Aluminum, tin and cardboard have been the most valuable recycled products.

“Glass is the only one that is still difficult, and we have a hard time making a profit on that,” said Agliata, though some recycled glass has been tapped for use in the traditional landfill as a fiber that supports slopes and vegetation.

While the world has seen chaotic supply chain issues and ripples in international trade and logistics, the recycling market seems to be getting back on track, albeit in a different form.

“The lesson here is that the more a town can recycle, the more money comes into the town and the less garbage goes into the landfill,” Agliata said.

Total recycling revenue was $1,933,664 for the first six months of 2022, said Commissioner Bobbi-Jo Crea.

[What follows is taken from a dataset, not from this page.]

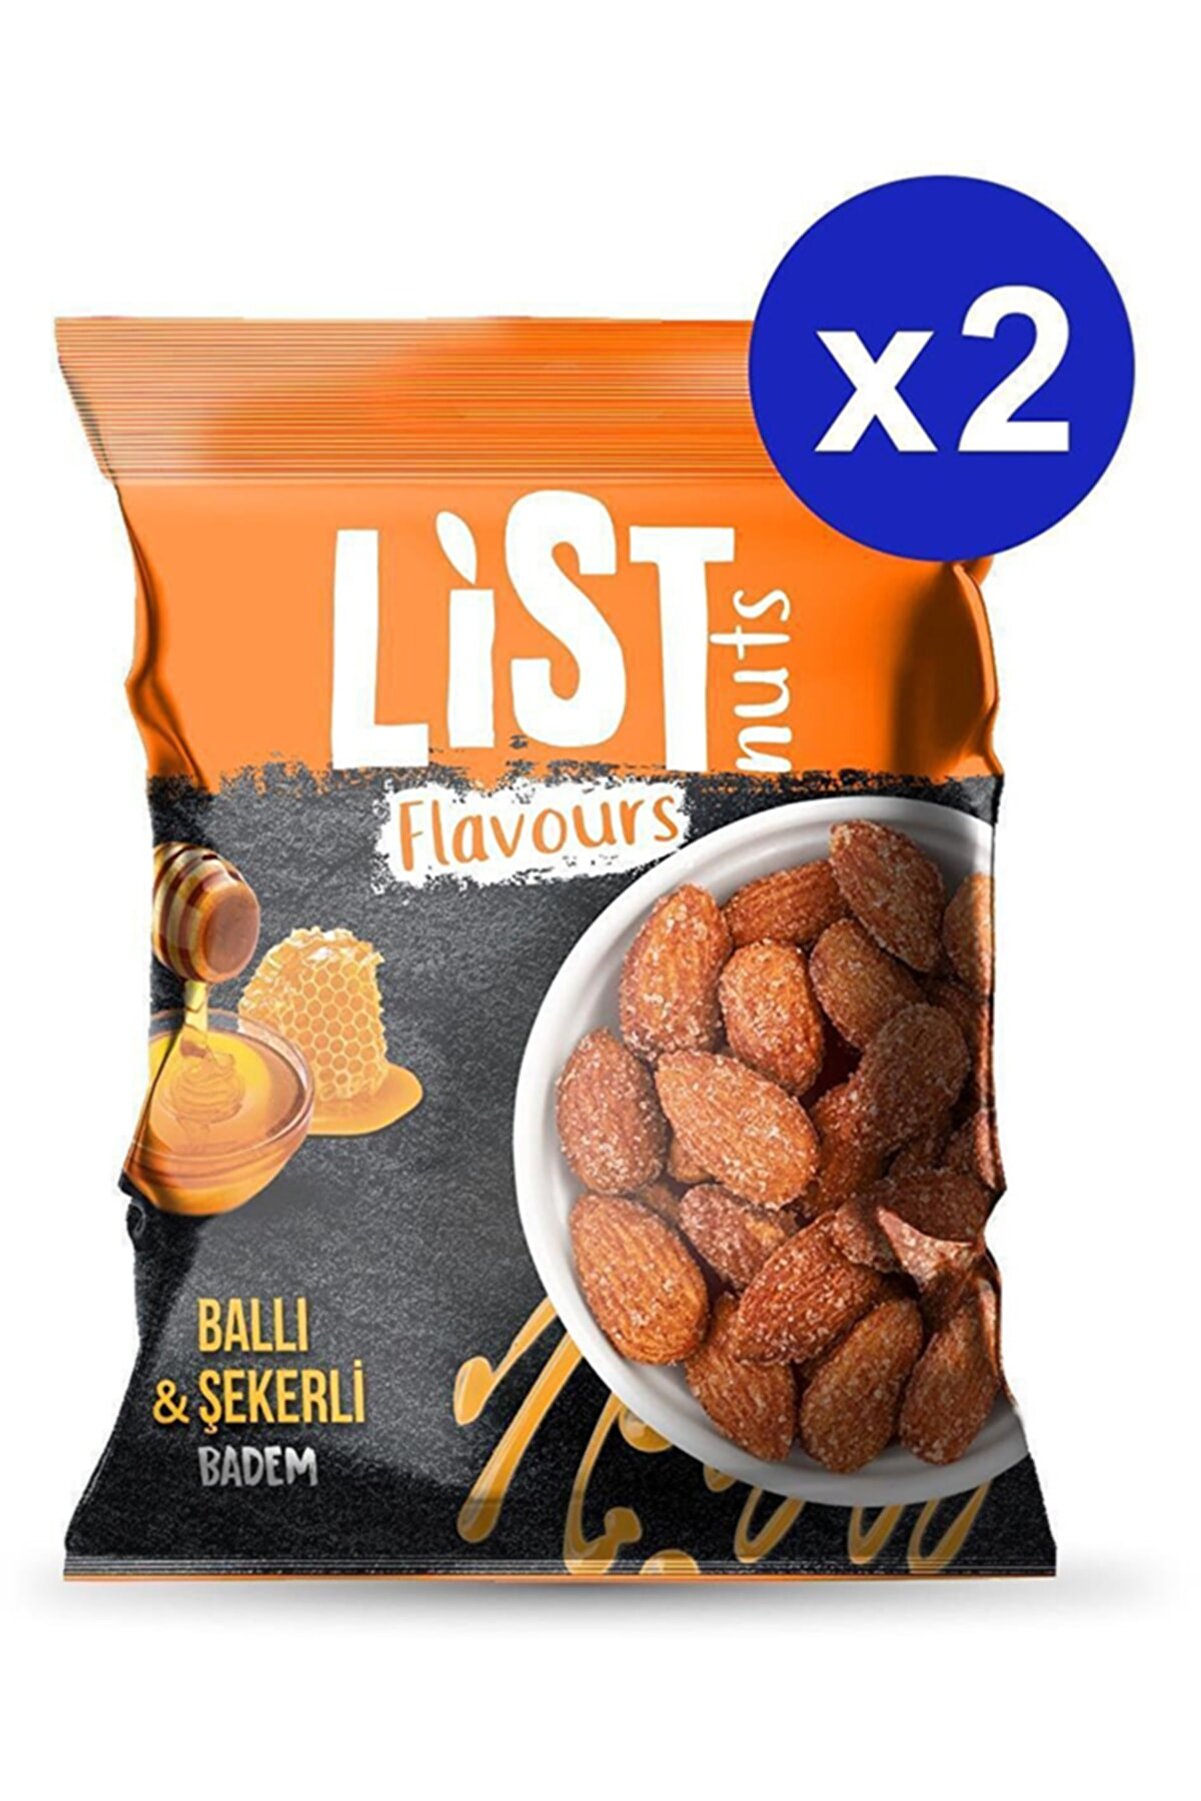 List Flavours Ballı & Şekerli Badem 2 X 100 G
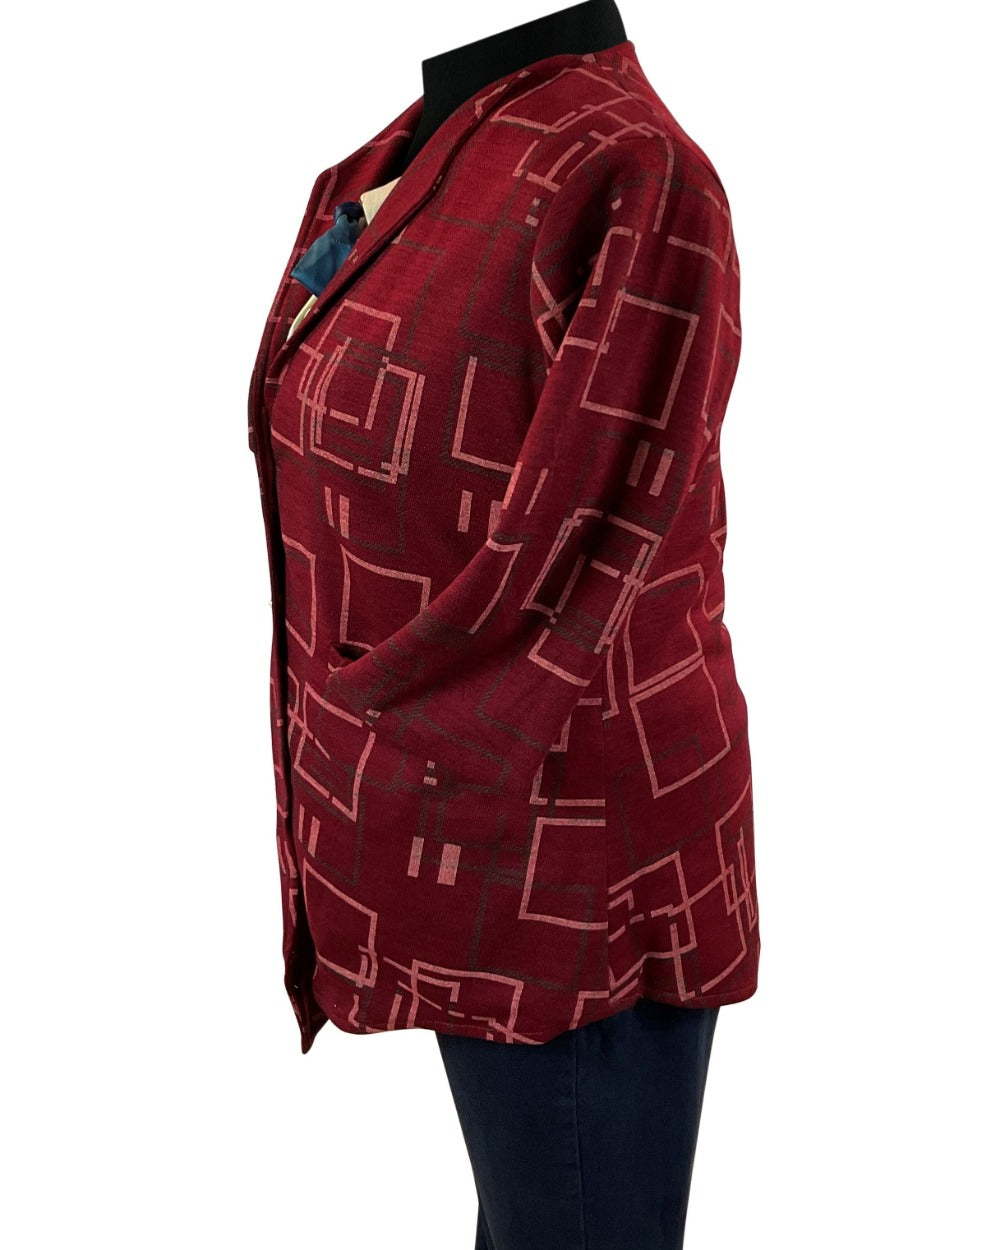 Women's red jacket, asymmetrical hem high quality wool jacket, Perth, Au

Recyclable materials were sold by the county for an average price of $29.47 per ton.

Exactly one-half of that revenue will be returned to the 33 towns that partner in the program.

Individual revenue sharing awards ranged from $193,212 for Lakewood Township to $1,161 to Mantoloking. More than 32,803 tons of material was recycled county wide from January to June of this year, Crea said. Previous to this year, the highest revenue sharing award was $917,481 returned to towns in 2011, she said. So far, it has already been eclipsed in 2022.

The largest awards are to:

  • Lakewood: 6,555 tons, $193,212.
  • Toms River: 4,836 tons, $142,555.
  • Brick: 3,616 tons, $106,582.
  • Stafford: $2,194 tons, $64,675.
  • Berkeley: 2,137 tons, $62,999.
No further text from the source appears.